I would ensure that every person, regardless of their background or financial means, has access to music education and opportunities for musical expression. Music has the power to inspire, unite, and bring joy, and by ensuring universal access to music education and resources, we can unlock the potential of countless individuals who may not otherwise have had the opportunity to explore and develop their musical talents. This could lead to a richer, more diverse musical landscape and bring the myriad benefits of music to a wider segment of the population.
What is the impact of Soul music on the socio-cultural implications? How do you want the music to affect people?
The impact of soul music on socio-cultural implications has been profound, contributing to the advancement of civil rights, cultural expression, musical innovation, and global cultural exchange.
My hope is for Soul music to continue being a powerful force in shaping society and influencing cultural attitudes and movements.
What are some of the most important lessons you have learned from your experience in the music paths?
Throughout the years, I've come to realize that my musical journey isn't defined by chart-topping hits or widespread recognition.
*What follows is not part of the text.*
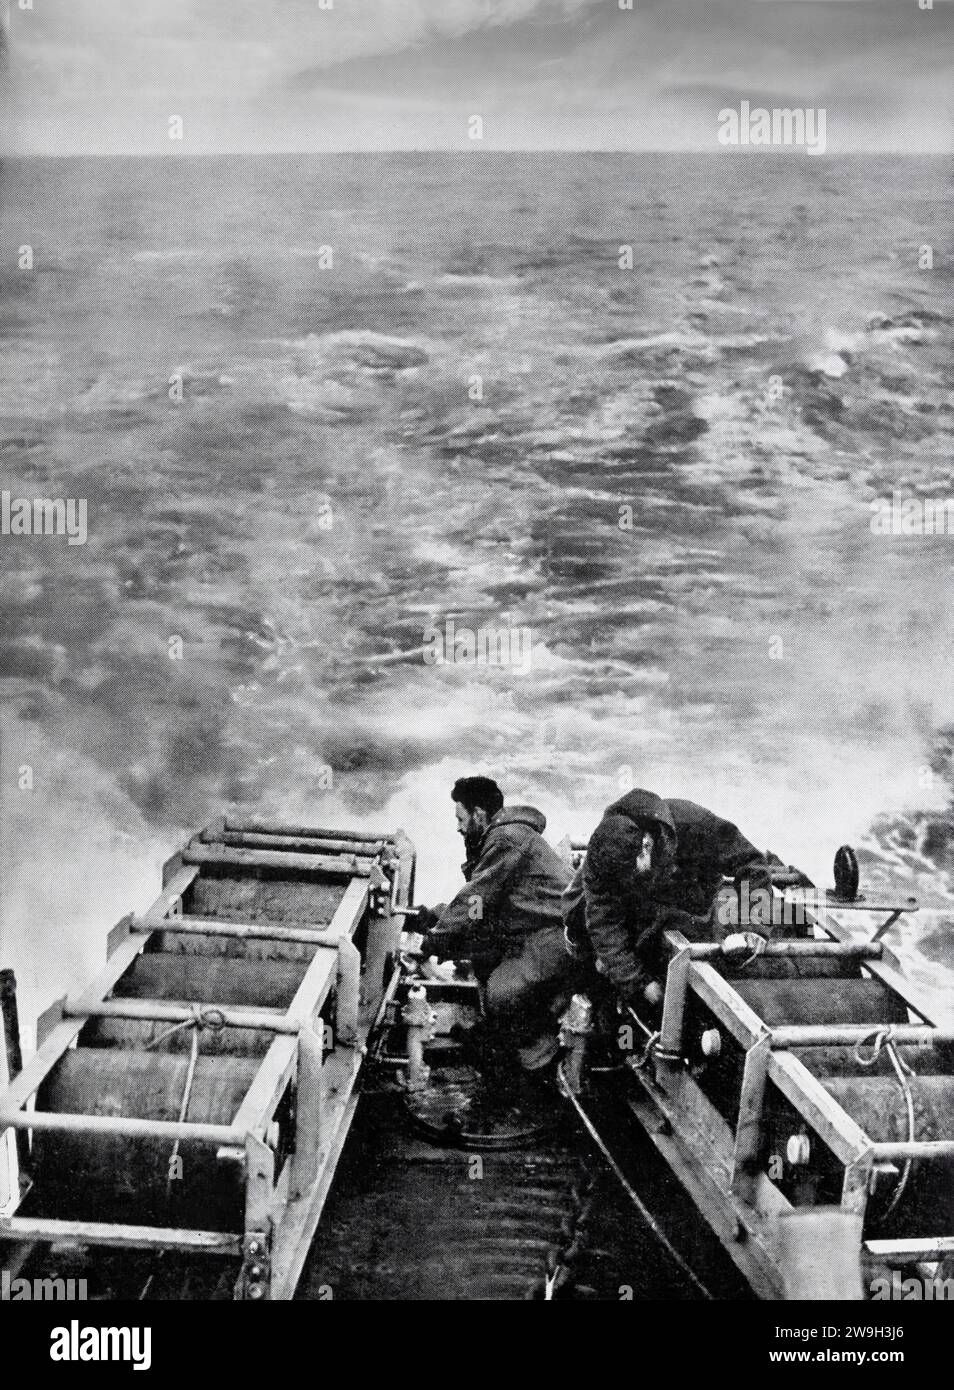 Equipaggio di un cacciatorpediniere alleato che si preparava a far cadere cariche di profondità per un cacciatorpediniere mentre scortava un convoglio Atlantico nel febbraio 1943. Facevano parte delle misure anti-sommergibile prese contro i branchi di U-Boot tedeschi durante la seconda guerra mondiale. Foto Stock

Instead, it revolves around conveying a meaningful message to a vibrant and diverse community, fostering a music environment that is uplifting, enjoyable, and thought provoking.
John Coltrane said "My music is the spiritual expression of what I am...". How do you understand: spirit, music, and meaning of life? (Marcel Smith / Photo by Bob Cosman)
Understanding the spirit, music, and the meaning of life is a deeply individual journey that often involves introspection, exploration, and the pursuit of personal growth and fulfillment.
It can be shaped by cultural, philosophical, and religious influences, as well as by the unique experiences and perspectives of each individual.
As I sing, I try to connect with the audience as we are collectively in the space ushering in a musical spirit that elevates us together. As I sing, I strive to engage the audience, creating a shared experience that raises our spirits through music.